療養院に来るほど症状に苦しんでいる人間が、もういる。レオン一人の問題ではない。王都で、広がっている。
リゼットは窓枠を掴んだ。爪が木に沈んだ。
夕暮れの療養室。
回想法の後、レオンの呼吸が落ち着くのを待ってから、リゼットは茶器を片づけ始めた。
「リゼさん」
呼ばれて振り向いた。レオンは椅子に深く腰かけたまま、天井を見上げていた。
「今日の……あの映像。女の子の手を引いて走る記憶。あれは確かに俺のものだ。でも顔が出てこない」
「焦らなくて大丈夫ですよ。
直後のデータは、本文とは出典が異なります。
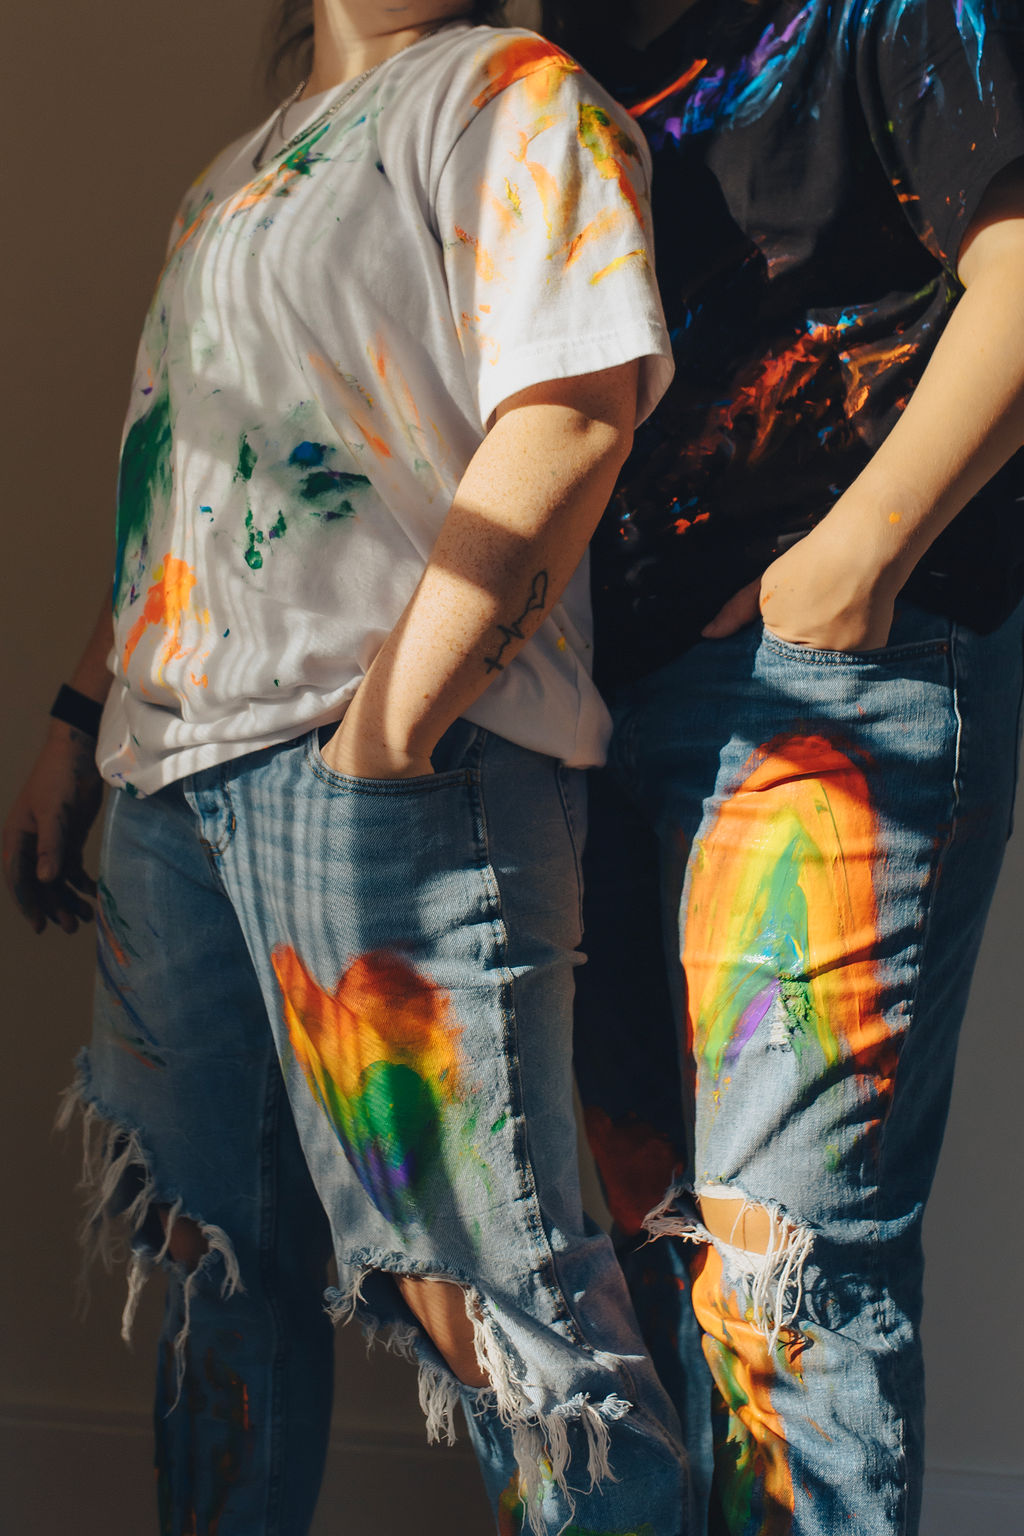 Brand photography for Inkpot Creative, of two people standing next to each other covered in paint.

少しずつ——」
「なあ、もう一回あの紅茶、淹れてくれないか」
敬語が消えていた。
振り向いたレオンの顔には、先ほどまでの苦しみとは違う色があった。ごく自然な、力の抜けた表情。幼い頃に屋敷の垣根越しで見せていたのと同じ、無防備な目。
リゼットの心臓が跳ねた。
返事をする間もなく、療養院の門を馬蹄が叩く音が響いた。
マルグリットが廊下を早足で通り過ぎるのが聞こえた。続いてフィリップの声——予定にない訪問だった。
「院長殿、リゼさん。至急お伝えしなければならないことが」
フィリップの顔は青ざめていた。息が荒い。馬を飛ばしてきたのだろう、外套の裾に泥が跳ねている。
「王都から、魔法省の調査官が参ります。記憶障害の患者を抱える療養施設を順に回っているそうで——こちらにも、近日中に」
リゼットの足の裏から、床の冷たさが一気に昇ってきた。